Once the line with "Chemin de table" is found in the data, output it and each following line exactly, up to and including the line with "Auto Fußmatten Auto-Fußmatten", and nothing before or after.
(Data supplied)
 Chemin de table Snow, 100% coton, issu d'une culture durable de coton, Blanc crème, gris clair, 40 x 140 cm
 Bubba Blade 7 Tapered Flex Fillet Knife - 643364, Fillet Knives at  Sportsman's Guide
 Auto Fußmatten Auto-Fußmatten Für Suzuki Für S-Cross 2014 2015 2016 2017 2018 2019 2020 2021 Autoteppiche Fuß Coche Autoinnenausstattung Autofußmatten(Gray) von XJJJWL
(End Data supplied)
(Data supplied)
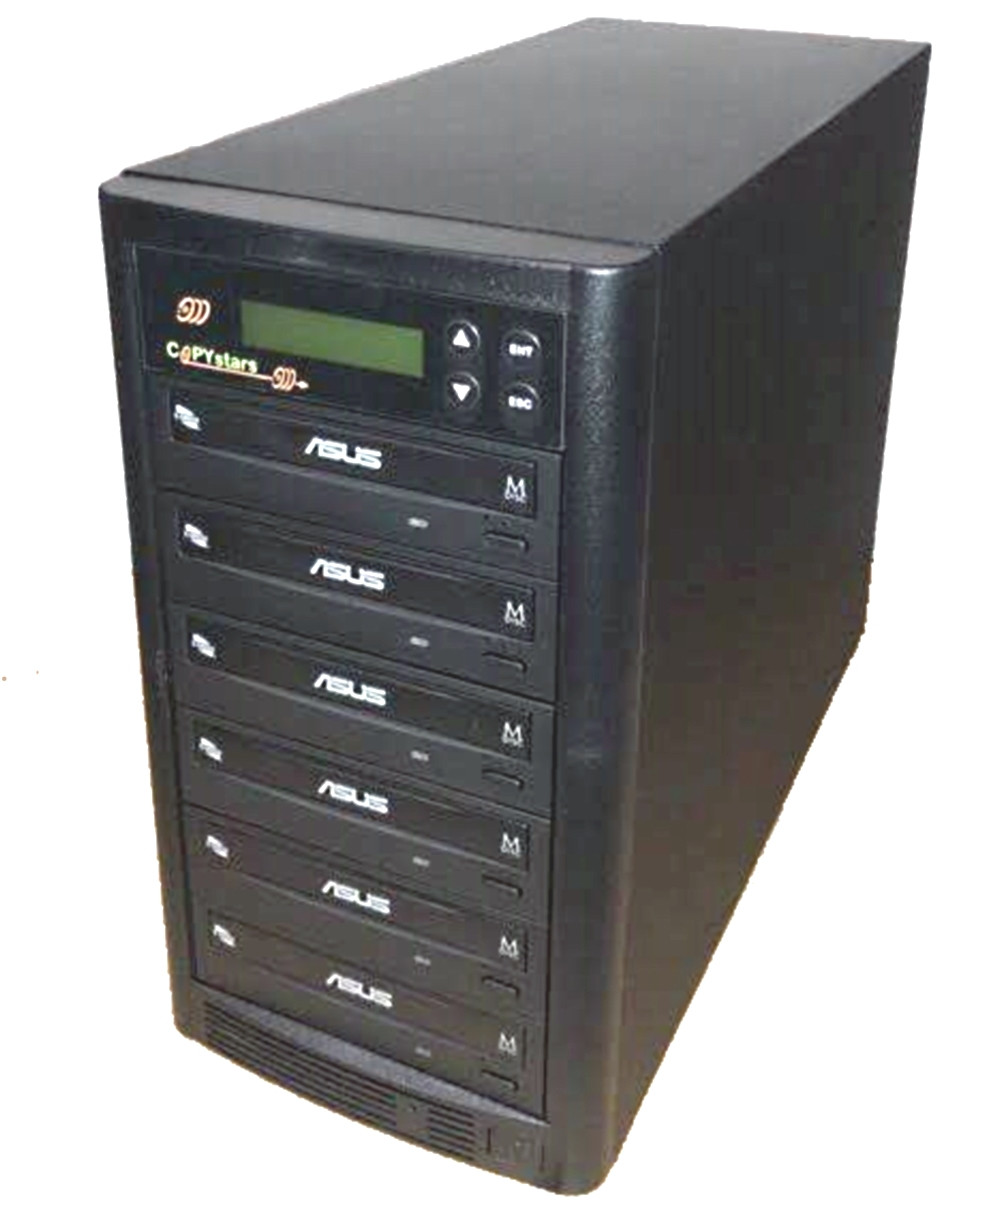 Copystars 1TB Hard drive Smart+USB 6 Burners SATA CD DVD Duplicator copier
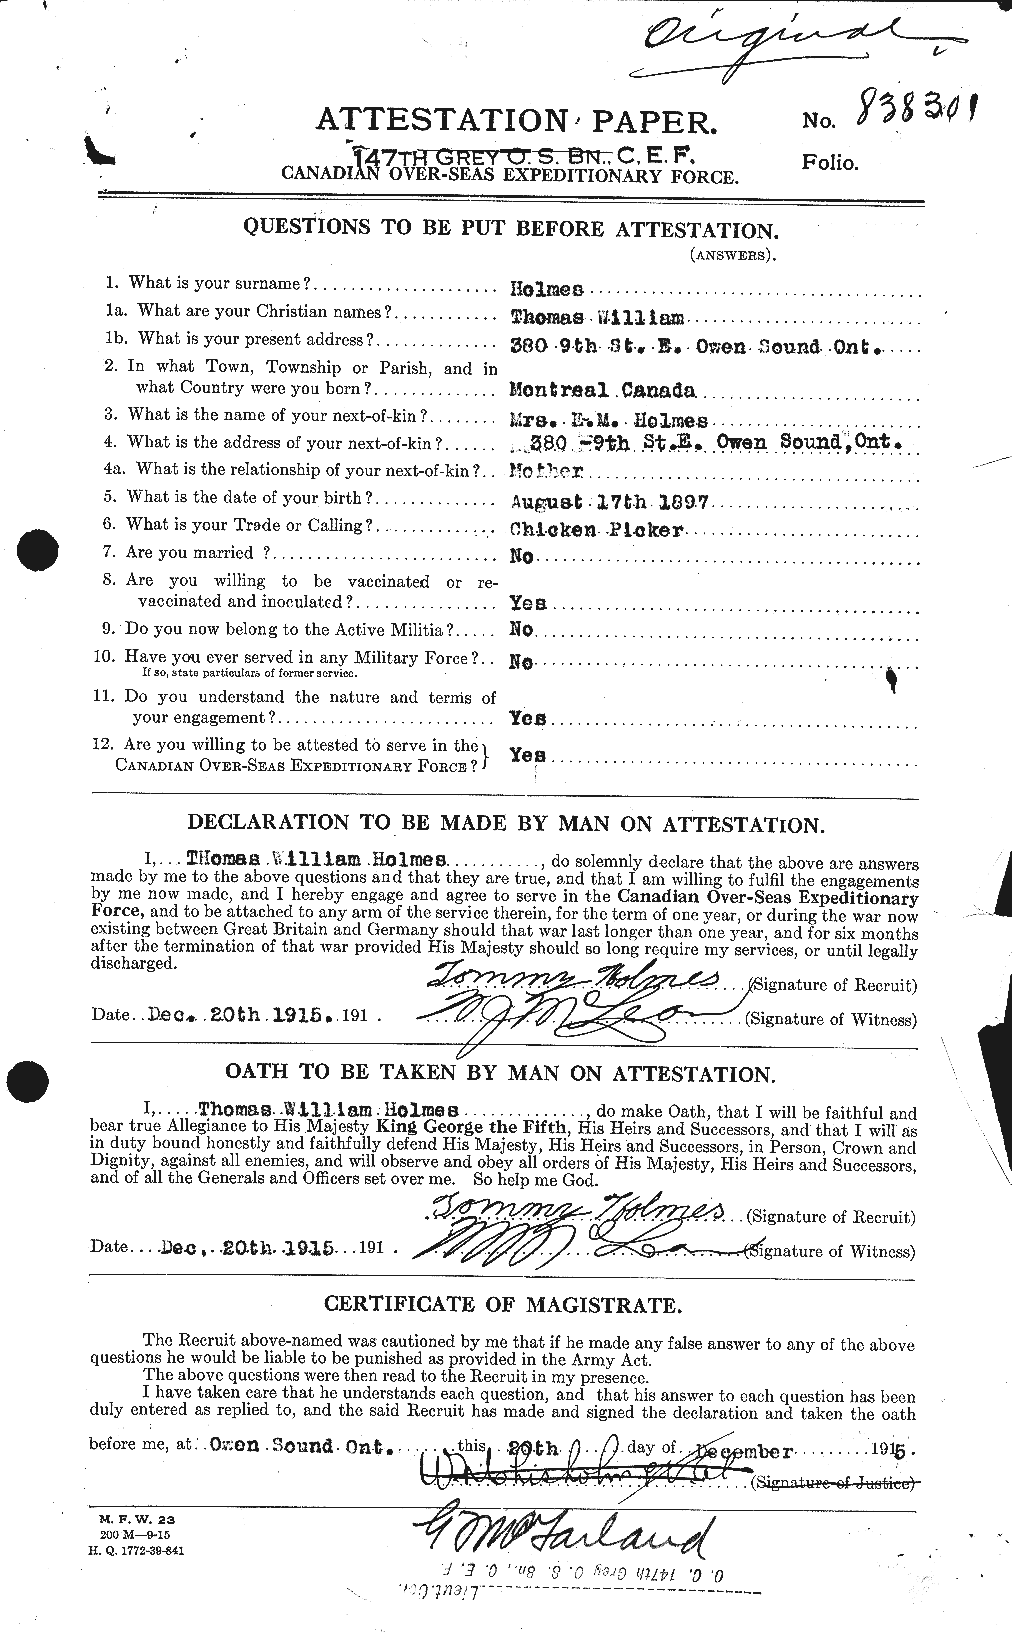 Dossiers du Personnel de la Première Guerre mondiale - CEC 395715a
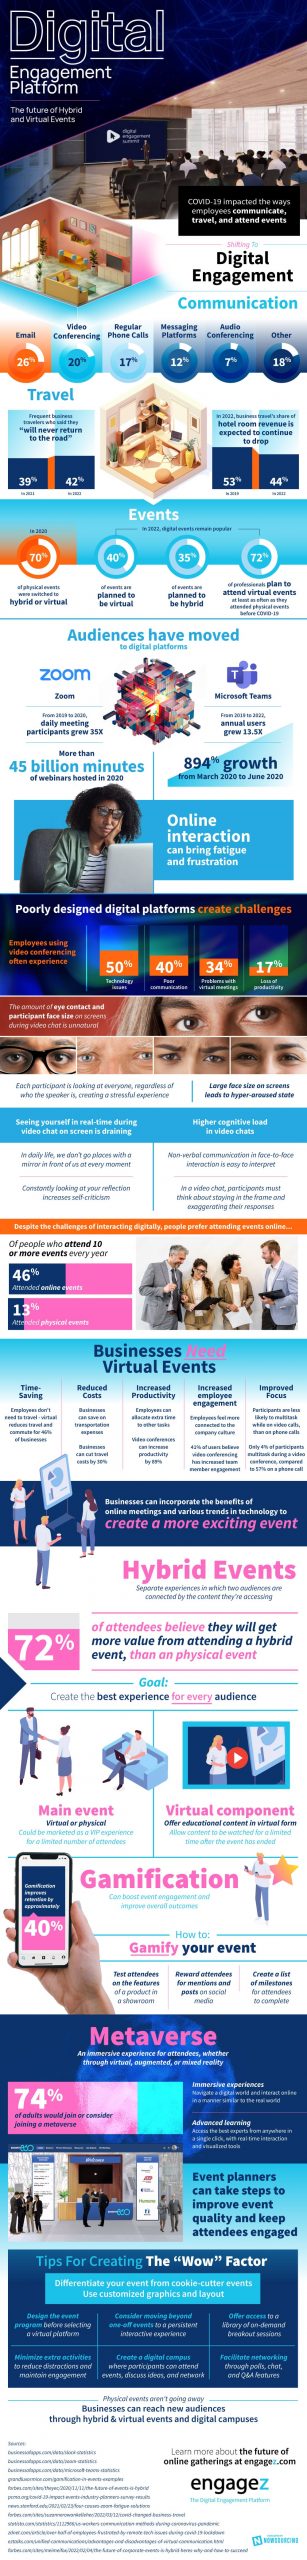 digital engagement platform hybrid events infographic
(End Data supplied)
Response box:
 Chemin de table Snow, 100% coton, issu d'une culture durable de coton, Blanc crème, gris clair, 40 x 140 cm
 Bubba Blade 7 Tapered Flex Fillet Knife - 643364, Fillet Knives at  Sportsman's Guide
 Auto Fußmatten Auto-Fußmatten Für Suzuki Für S-Cross 2014 2015 2016 2017 2018 2019 2020 2021 Autoteppiche Fuß Coche Autoinnenausstattung Autofußmatten(Gray) von XJJJWL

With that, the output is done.